- [Problem description]:
Go to the line holding "Nissan Skyline R33" in the data below. Return it and each line after it through the last, exactly, and skip the pictures.

- [Raw data]:
━━━━━━━━━━━━━━━━━━━━━━━━━━━━━━

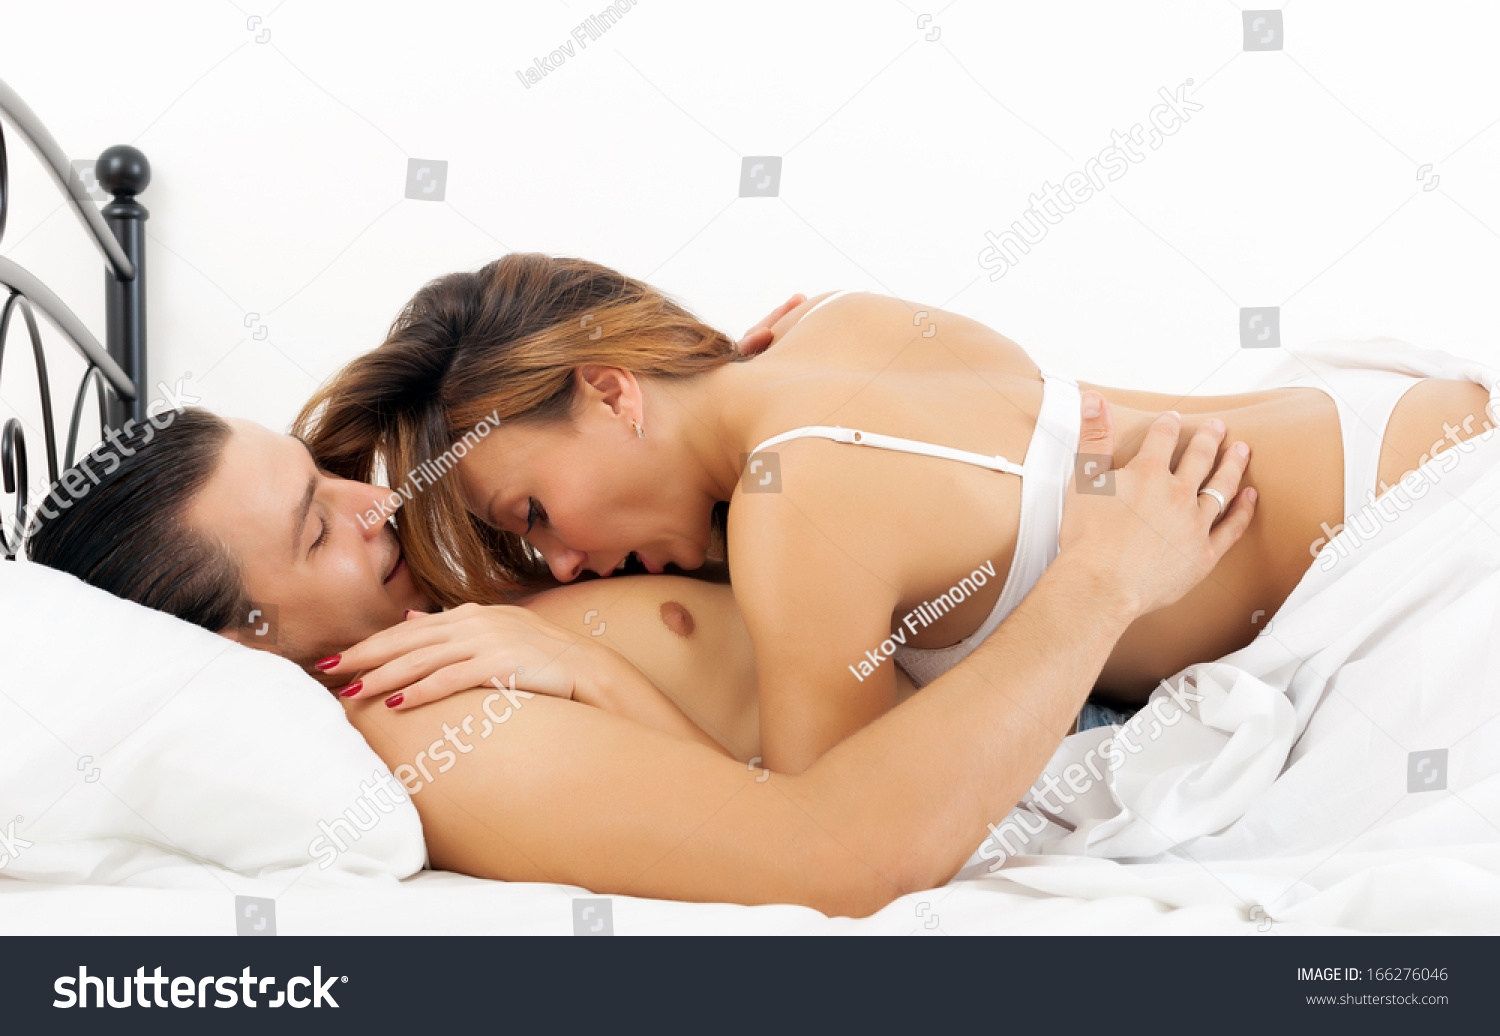 Couple Having Sex
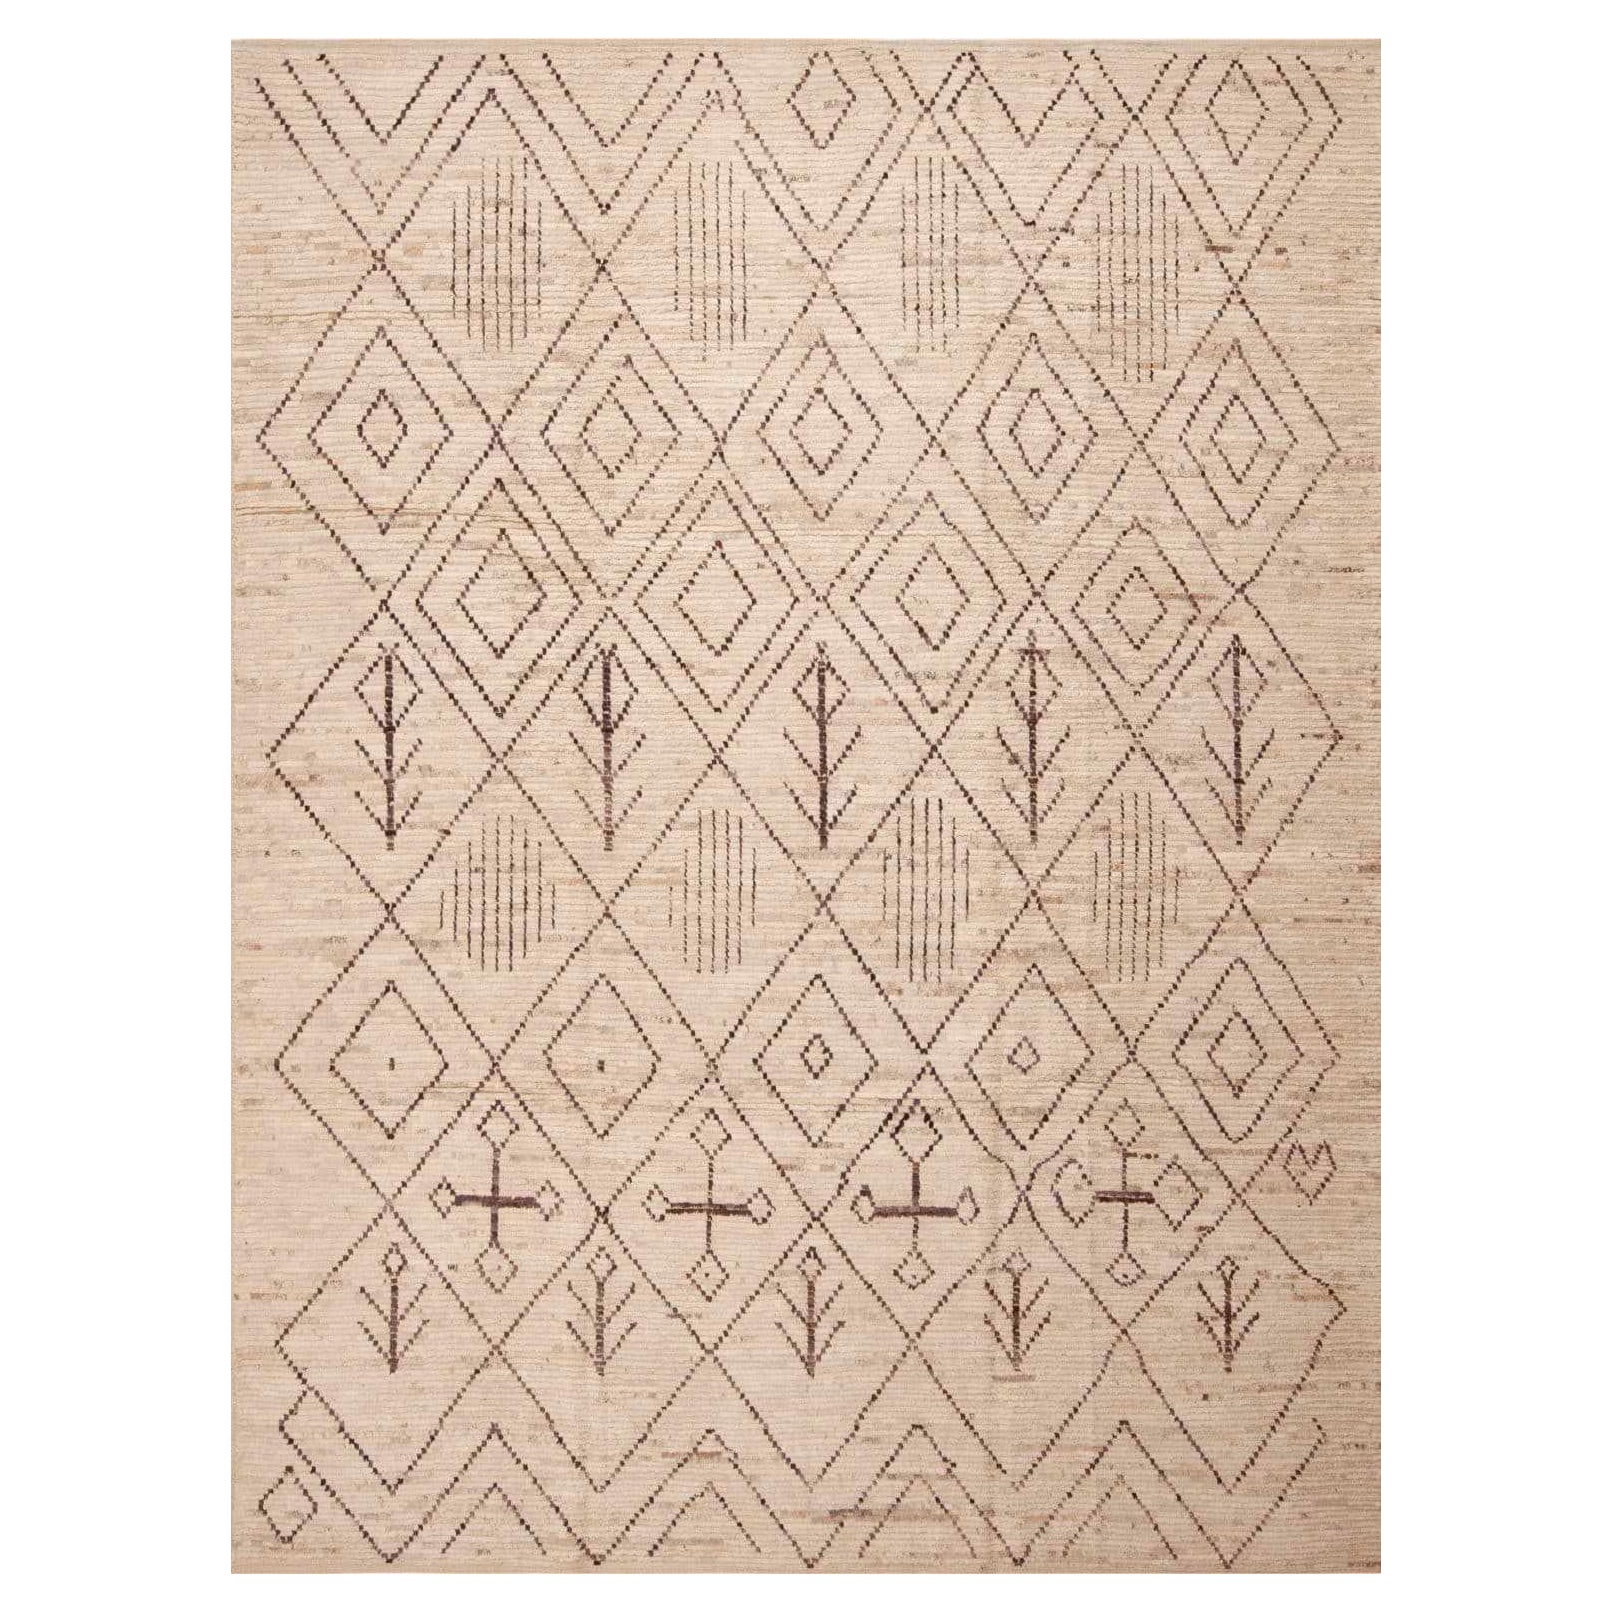 Nazmiyal Collection Modern Tribal Moroccan Beni Ourain Design Rug 9'3" x 12' For Sale
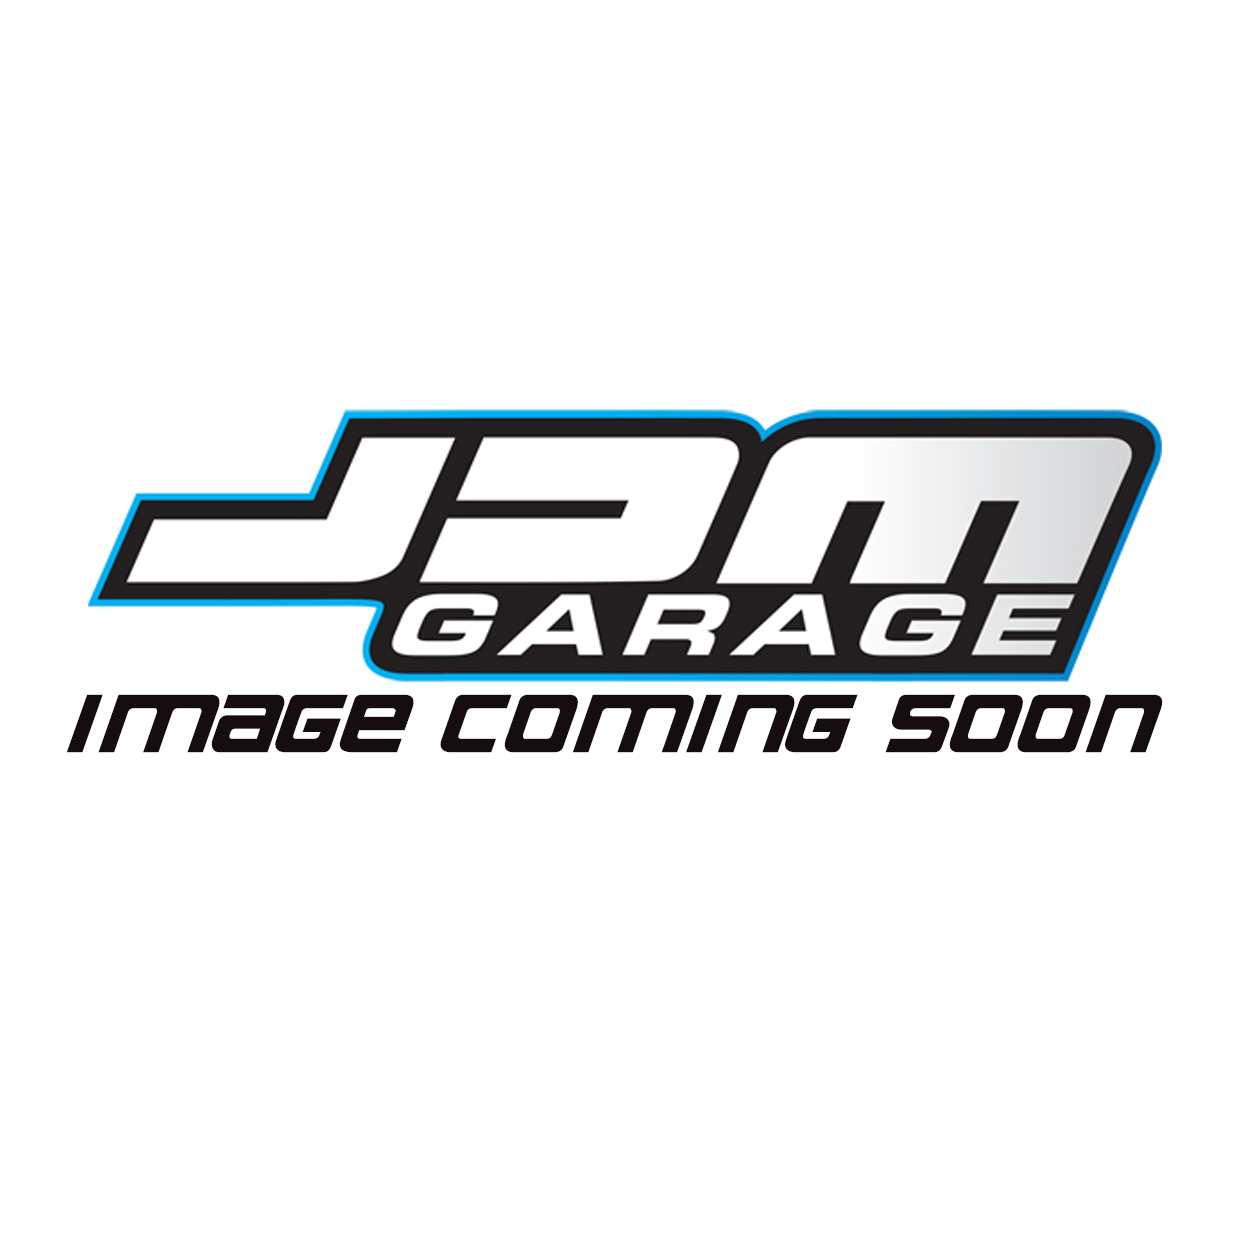 Nissan Skyline R33 Gts T Rear Light Jdm Garage Uk Nissan Specialists
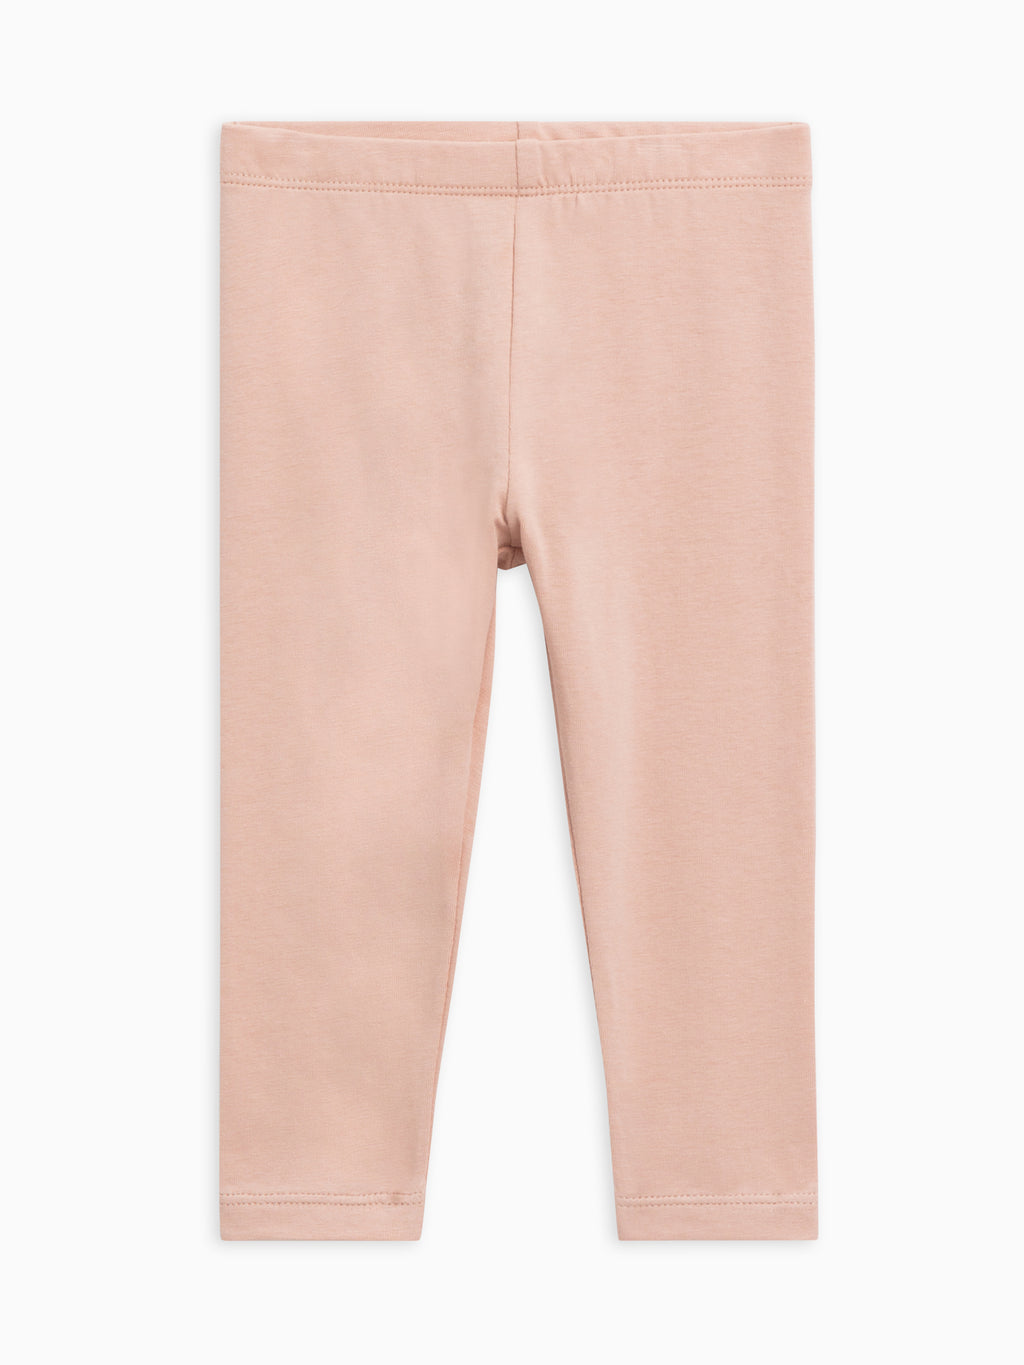 Buy Women's Straight Fit Cotton Leggings (Legi-01_Baby Pink_L) at

━━━━━━━━━━━━━━━━━━━━━━━━━━━━━━

- [Task answer]:
 Nissan Skyline R33 Gts T Rear Light Jdm Garage Uk Nissan Specialists
 Buy Women's Straight Fit Cotton Leggings (Legi-01_Baby Pink_L) at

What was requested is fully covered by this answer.